Anil Kumar Sangha, 38, knocked on the doors of five elderly people in Hayes over 10 days in June, each time telling them he had lost his keys and needed money to pay for a locksmith.
Twice he succeeded, with the sympathetic homeowners handing over £23 and £35.
Police made Sangha their prime suspect and, after scrambling a helicopter on June 28 to locate him, following a report he was operating in Coronation Road, Hayes, he was picked up and arrested.
Sangha appeared at Uxbridge Magistrates’ Court on June 31 on five fraud counts, and was given bail.
Within hours of leaving the court, however, he was up to his old tricks, using the same story on an unsuspecting member of the public in Cobden Close, Uxbridge, who gave him £26.
He then spotted a woman in her 70s loading shopping into the boot of her car and offered to help, before stealing her purse. He was rearrested soon after.
James O’Connell, prosecuting, told Isleworth Crown Court on Friday last week: “He explained to police that he was doing it to fund his entrenched heroin habit.
“He would take drugs first thing in the morning and have a drink, and then go out to commit these offences to pay for more.”

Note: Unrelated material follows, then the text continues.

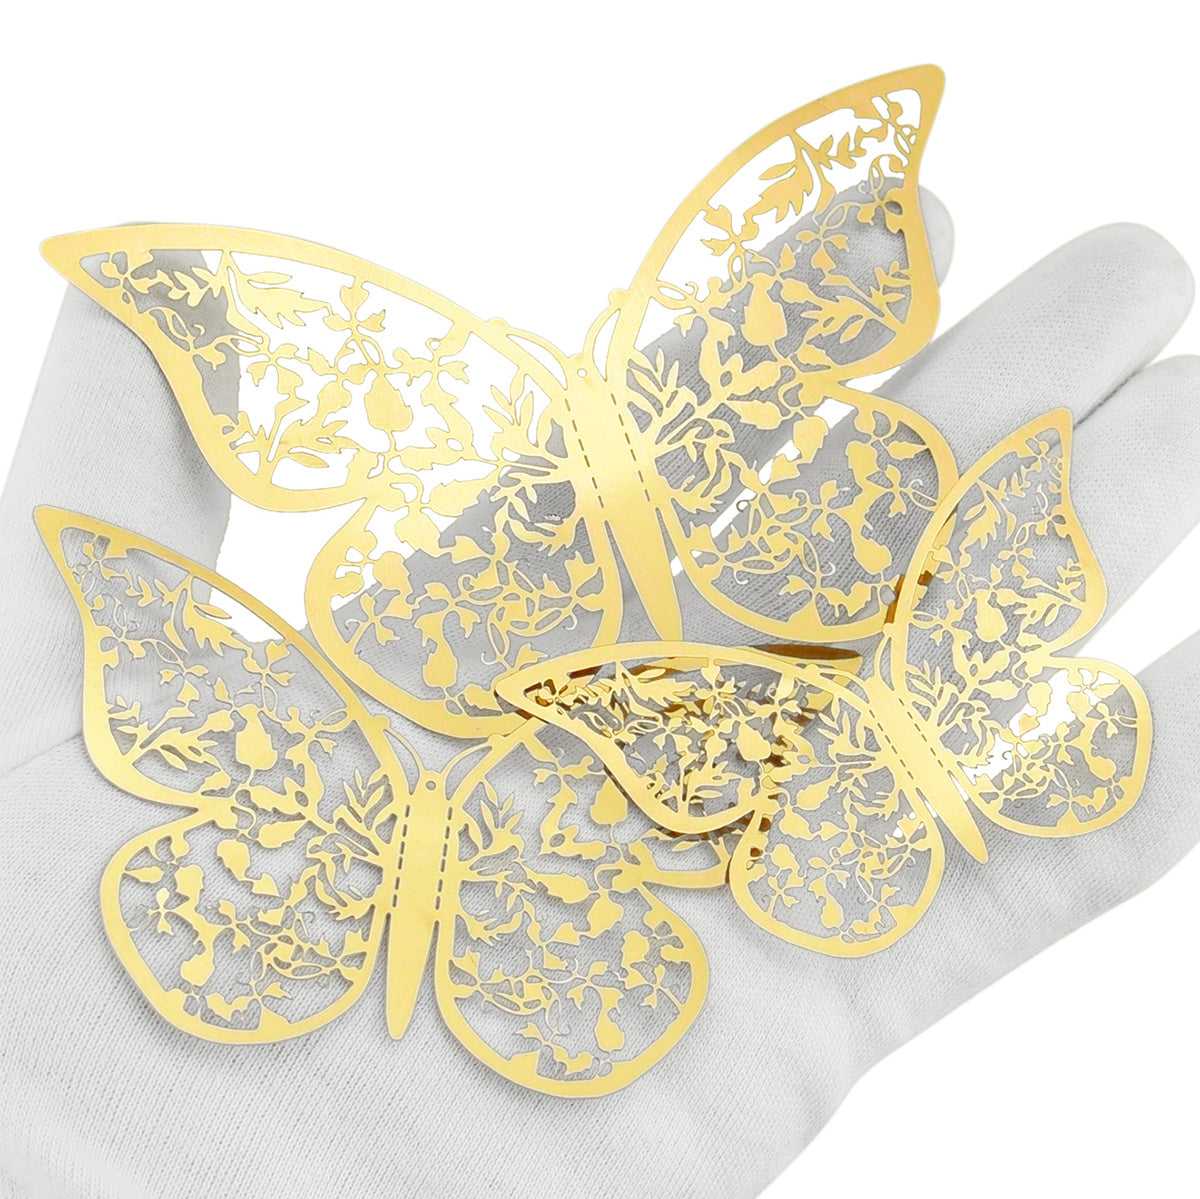 Gold Butterflies Wall Decorations Set - Floral & Leaves Hollow Design
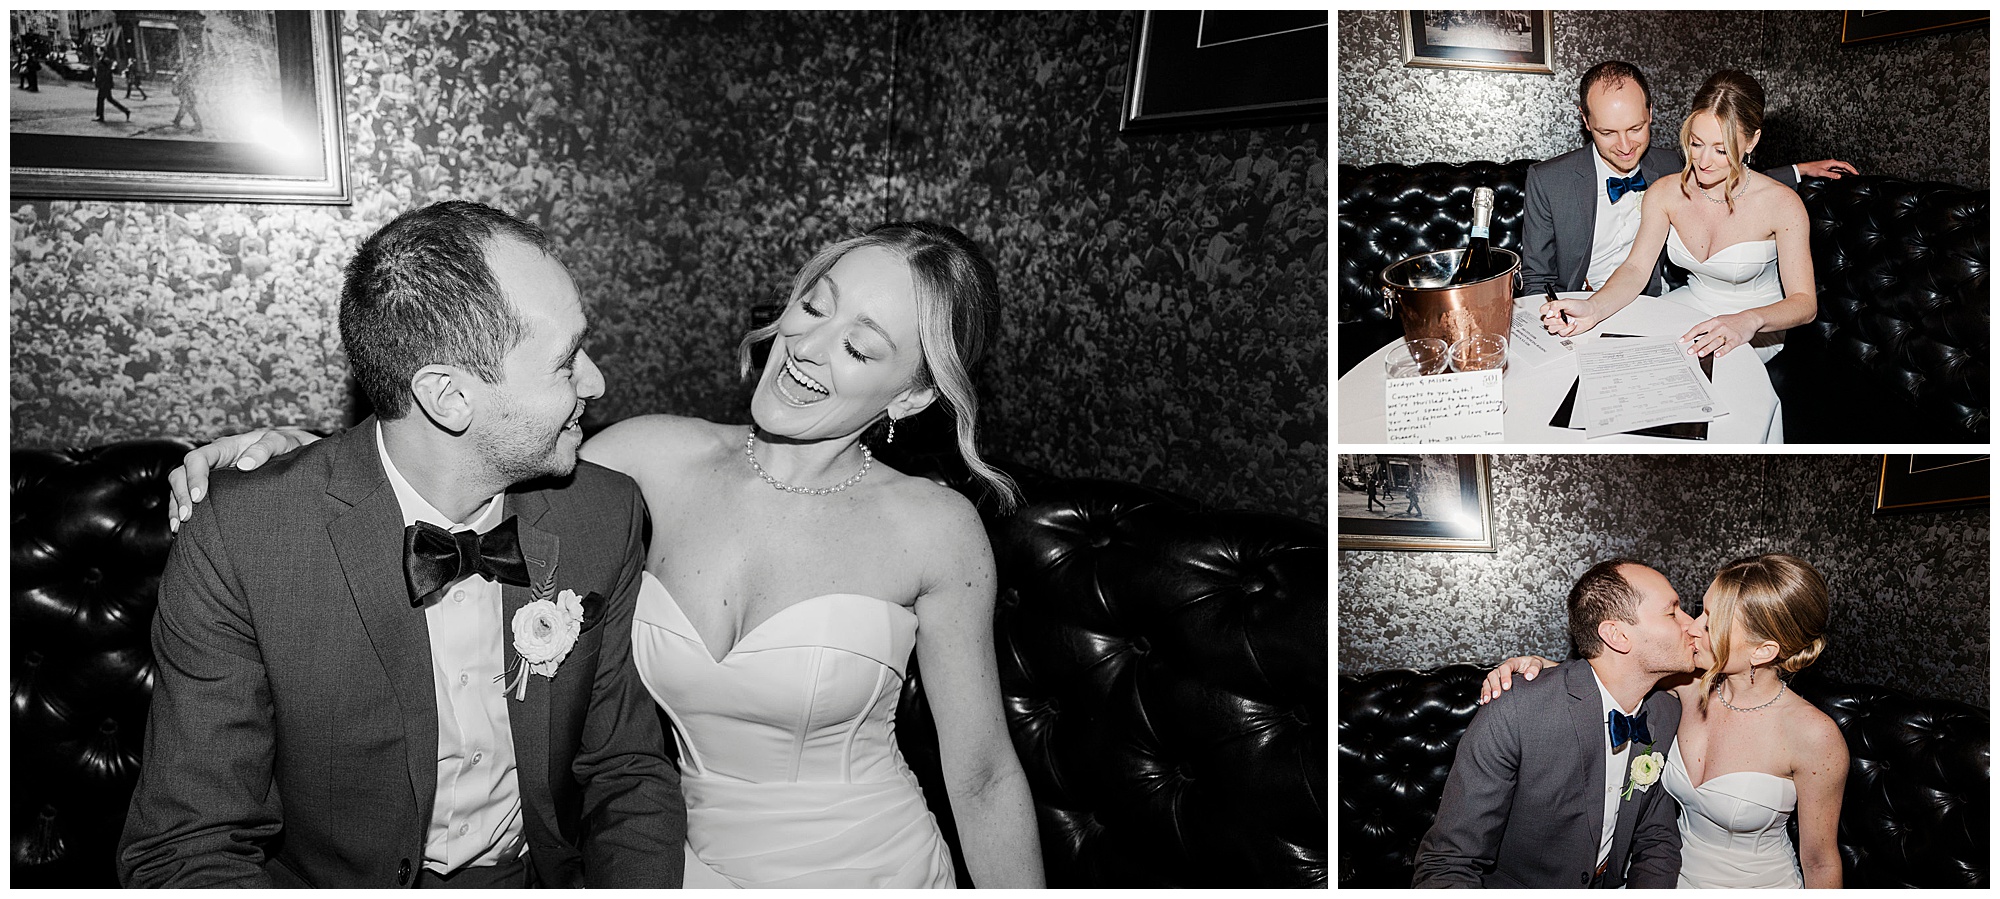 Personal new york wedding at 501 union

Sangha had been put on an Asbo at Ealing Magistrates’ Court in April, under which he was not permitted to approach anyone in the boroughs of Ealing, Hounslow, or Hammersmith and Fulham.
So he simply started running the scam again in Hillingdon.
John Kearney, defending Sangha, said: “This was an aggravated form of begging. He was playing on the charity of individuals, not breaking into homes or mugging people.
“When he is clear-headed, he is remorseful about breaking his victims’ trust, but his addiction is in control of him. The most aggravating feature is that he will not stop doing it.”
Passing sentence, Recorder Jones QC told Sangha: “You have an appalling record, and it is clear that there is a high risk that you will reoffend. This was persistent offending over several days, and some of your victims were vulnerable.”
Sangha, of no fixed address, admitted six charges of deception and one of theft before last week’s court appearance. He was sentenced to two months for each offence, to run consecutively.
Eighteen separate offences were taken into consideration.